Step 4: Use the OpenAI-compatible API. Ollama serves a local endpoint:

from openai import OpenAI

client = OpenAI(
    api_key="ollama",  # doesn't matter, but the SDK requires it
    base_url="http://localhost:11434/v1"
)

response = client.chat.completions.create(
    model="deepseek-v4-flash",
    messages=[
        {"role": "user", "content": "Explain this function: def fib(n): return n if n < 2 else fib(n-1) + fib(n-2)"}
    ]
)

print(response.choices[0].message.content)

This works offline. No API keys, no token bills. The tradeoff is inference speed — even with a good GPU, you won't match hosted API throughput.

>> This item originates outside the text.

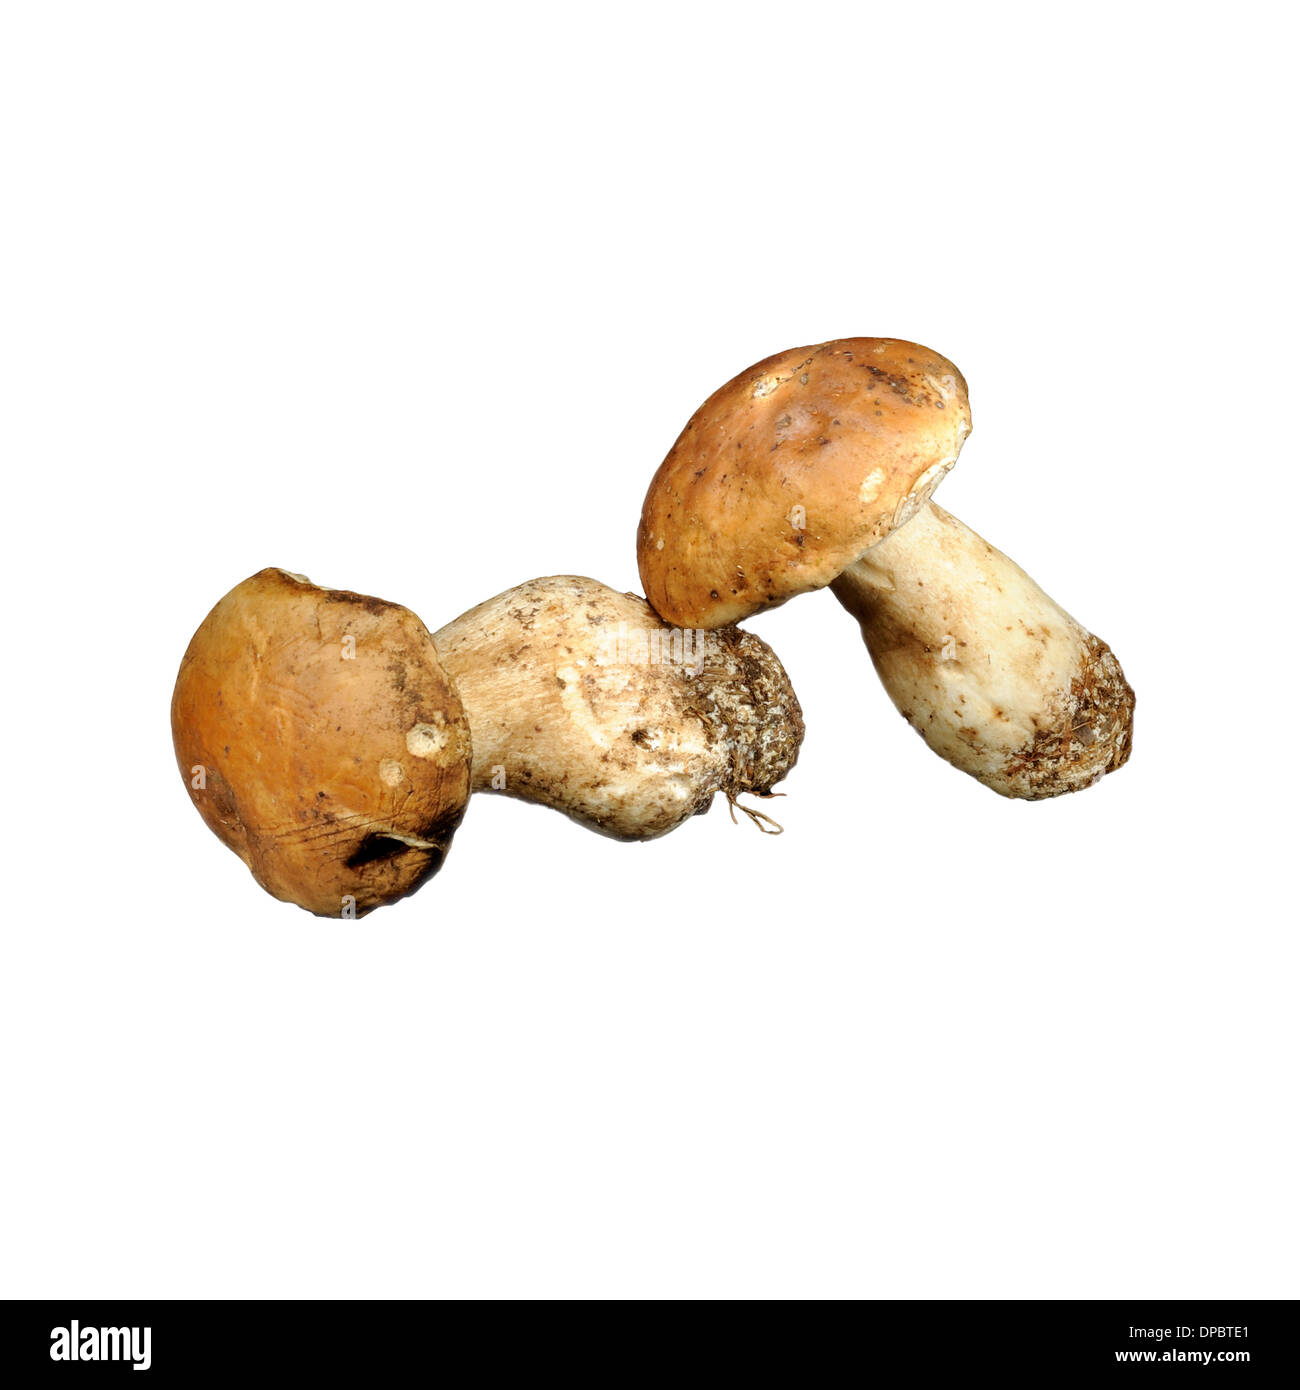 Porcines Pilze (Boletus Edulis), auf weißem Hintergrund. Stockfoto

Path C: Production Local with vLLM

If you're deploying locally for a team or production workload, vLLM is the serious option. It's Linux-only and requires CUDA 12.x, but it offers much better throughput and proper batching.

# Install vLLM
pip install vllm

# Download weights from Hugging Face (this is big — 100GB+ for V4-Pro)
git lfs install
git clone https://huggingface.co/deepseek-ai/DeepSeek-V4-Flash

# Serve the model
python -m vllm.entrypoints.openai.api_server \
    --model ./DeepSeek-V4-Flash \
    --tensor-parallel-size 2 \
    --max-model-len 32768 \
    --gpu-memory-utilization 0.9

The tensor-parallel-size flag splits the model across multiple GPUs. Adjust based on your hardware. The gpu-memory-utilization flag tells vLLM how much VRAM it's allowed to use — 0.9 leaves some headroom to avoid OOM crashes.

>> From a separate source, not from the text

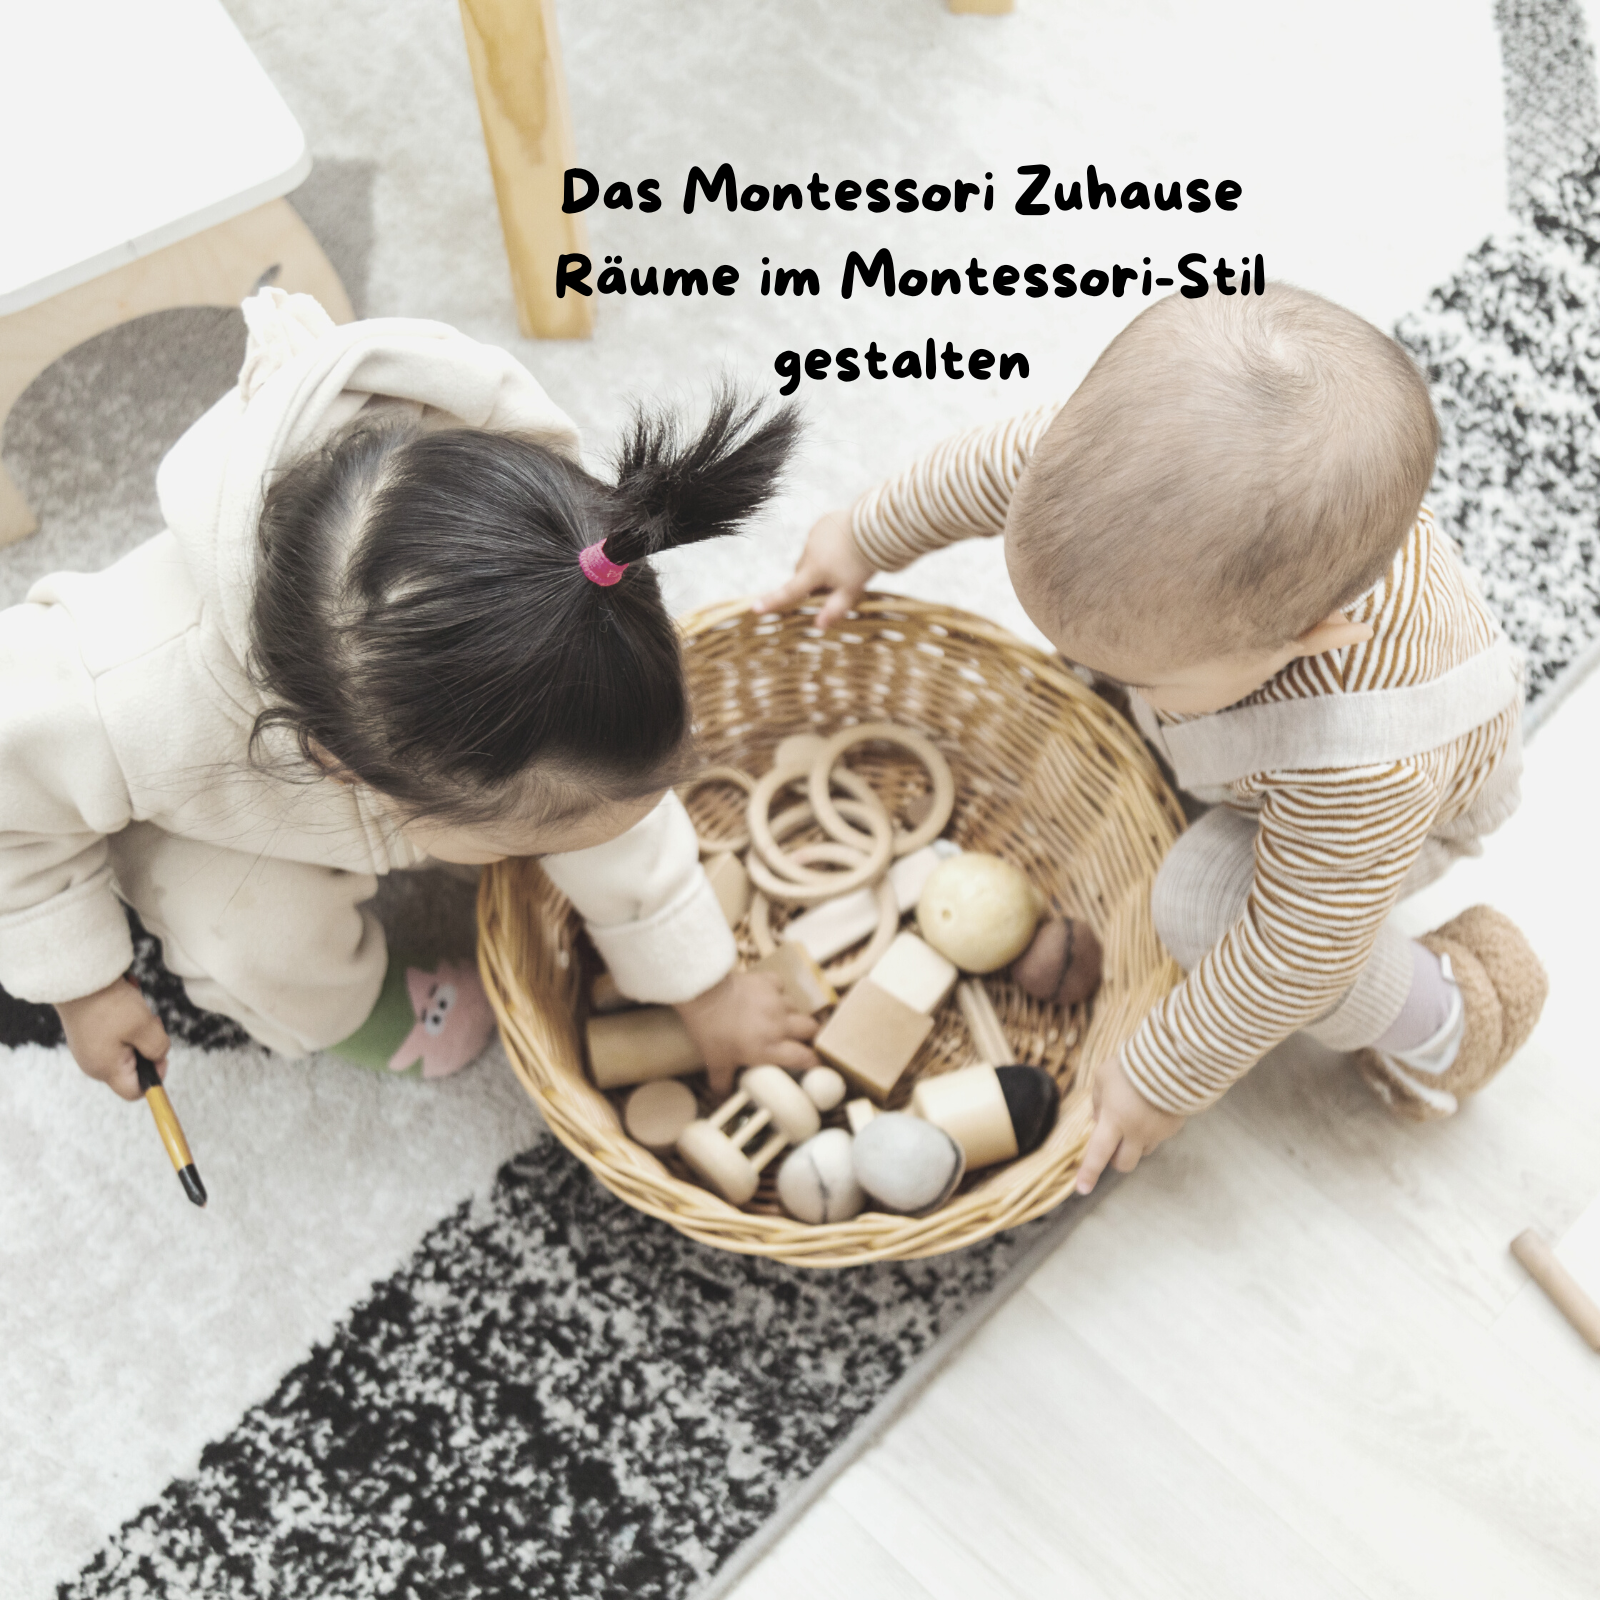 Das Montessori Zuhause – Räume im Montessori-Stil gestalten

Gotcha: I initially set max-model-len to the full 1M context window. vLLM tried to pre-allocate KV cache for that and immediately ran out of memory. Set it to what you actually need.

Honest Assessment and Limitations

After a couple of weeks, here's where I land:

What's genuinely good:

V4-Flash is an absurd value for coding tasks. It handles most of what I threw at it — refactoring, debugging, writing tests — at maybe 10-15% of what I was paying before.
The Anthropic-compatible endpoint is a clever move. Being able to swap DeepSeek into existing tooling without rewriting configs is huge.
Local deployment with Ollama actually works well for V4-Flash, if you have the GPU memory.

Where it falls down:

V4-Pro is not a laptop model. Don't kid yourself about running it locally on your MacBook. Even V4-Flash requires a serious GPU for acceptable speeds.
The Anthropic compatibility layer isn't perfect. I hit occasional weirdness with tool calling in Claude Code — responses that would parse fine with Claude's own models but caused DeepSeek to stumble. It works 90% of the time, but that 10% means you need to watch for it.
Documentation is still catching up. I found myself piecing together information from the API docs, community forums, and trial-and-error more than I'd like.

Practical tips:

Start with V4-Flash. Only upgrade to Pro if you hit a wall Flash can't handle.
When using Claude Code with DeepSeek, set the subagent model to Flash. Most subagent work doesn't need Pro-level reasoning.
If running locally, be honest about your hardware. V4-Flash on a single 24GB GPU works. V4-Pro doesn't.
Keep your hosted API key handy even if you run locally. You'll want it for comparison testing and for tasks that exceed your local hardware.

My API bill this month? $47. That's the real recommendation.